-- Source material follows --

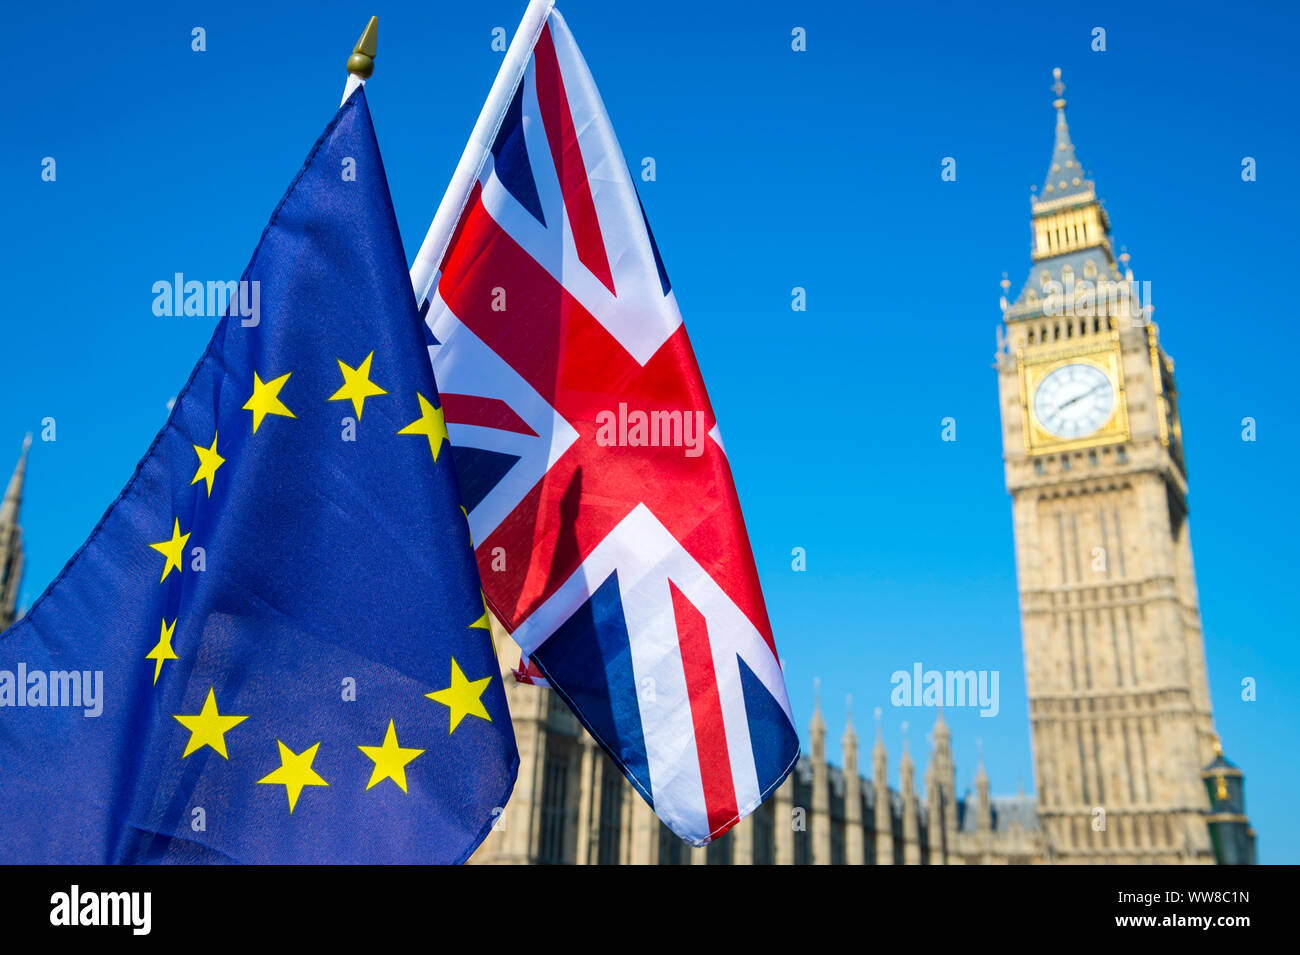 European Union and British Union Jack flag hanging at Big Ben and the Houses of Parliament at Westminster Palace, London, in preparation for Brexit Stock Photo
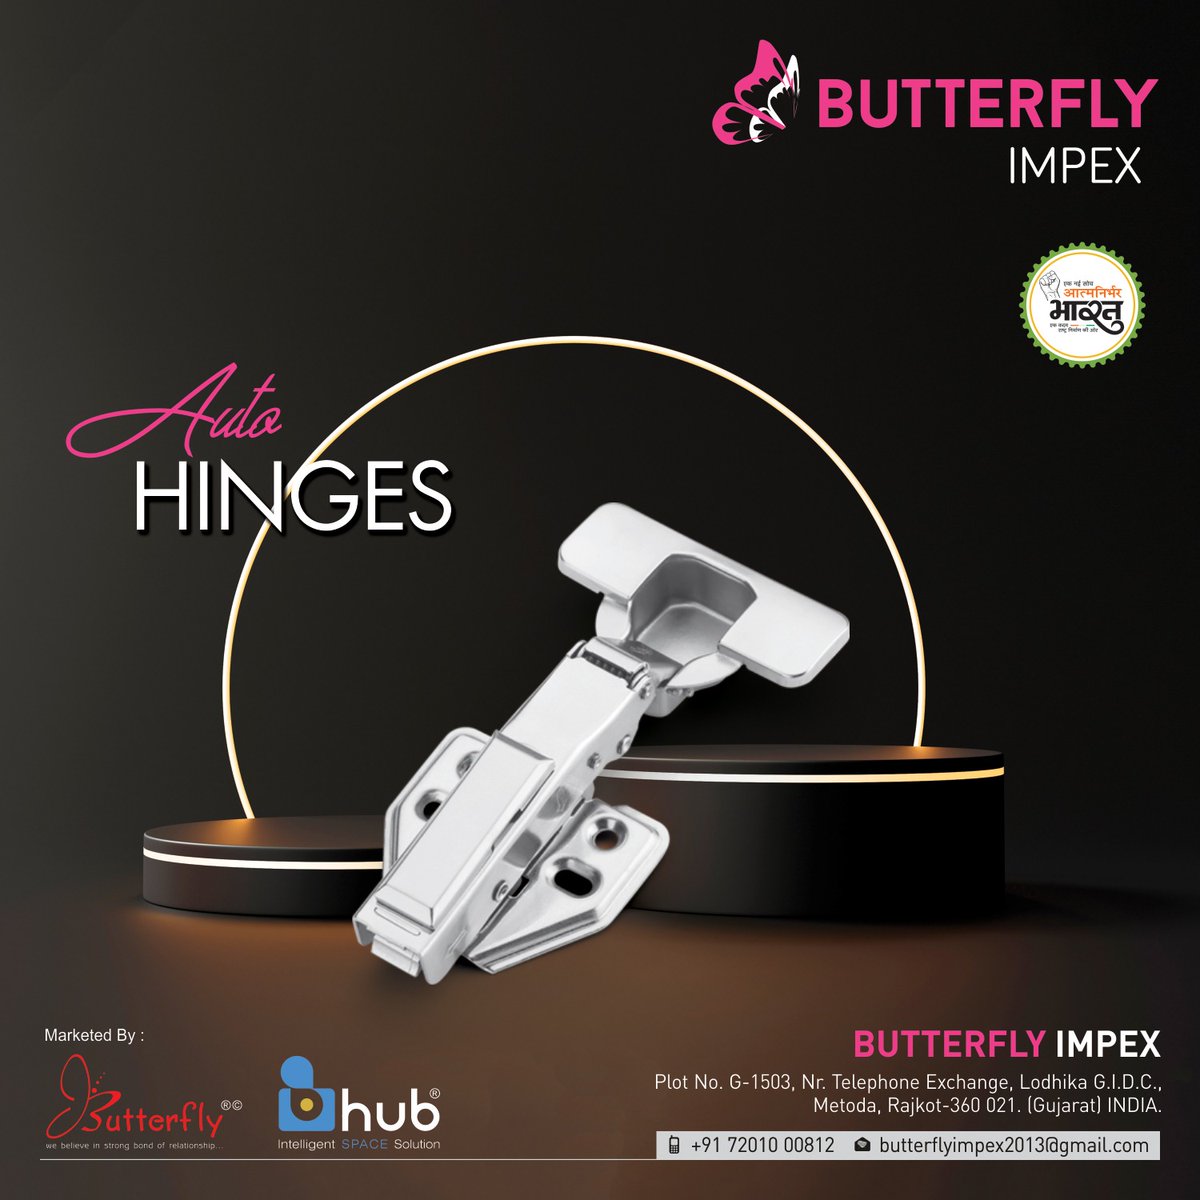 From cabinets to doors, our auto hinges fit seamlessly into any space.

Butterfly Impex (Rajkot)
Contact: Mr. Tarun Khant - +91 9586893964
#ButterflyImpex #Rajkot #DoorHardware #AutoHinges #KitchenFittings #KitchenHardware #KitchenSolutions #CabinetHardware

-- Source material concluded --

** What to produce **
Output the material above verbatim but exclude each picture.

** Result below **
 European Union and British Union Jack flag hanging at Big Ben and the Houses of Parliament at Westminster Palace, London, in preparation for Brexit Stock Photo
 From cabinets to doors, our auto hinges fit seamlessly into any space.

Butterfly Impex (Rajkot)
Contact: Mr. Tarun Khant - +91 9586893964
#ButterflyImpex #Rajkot #DoorHardware #AutoHinges #KitchenFittings #KitchenHardware #KitchenSolutions #CabinetHardware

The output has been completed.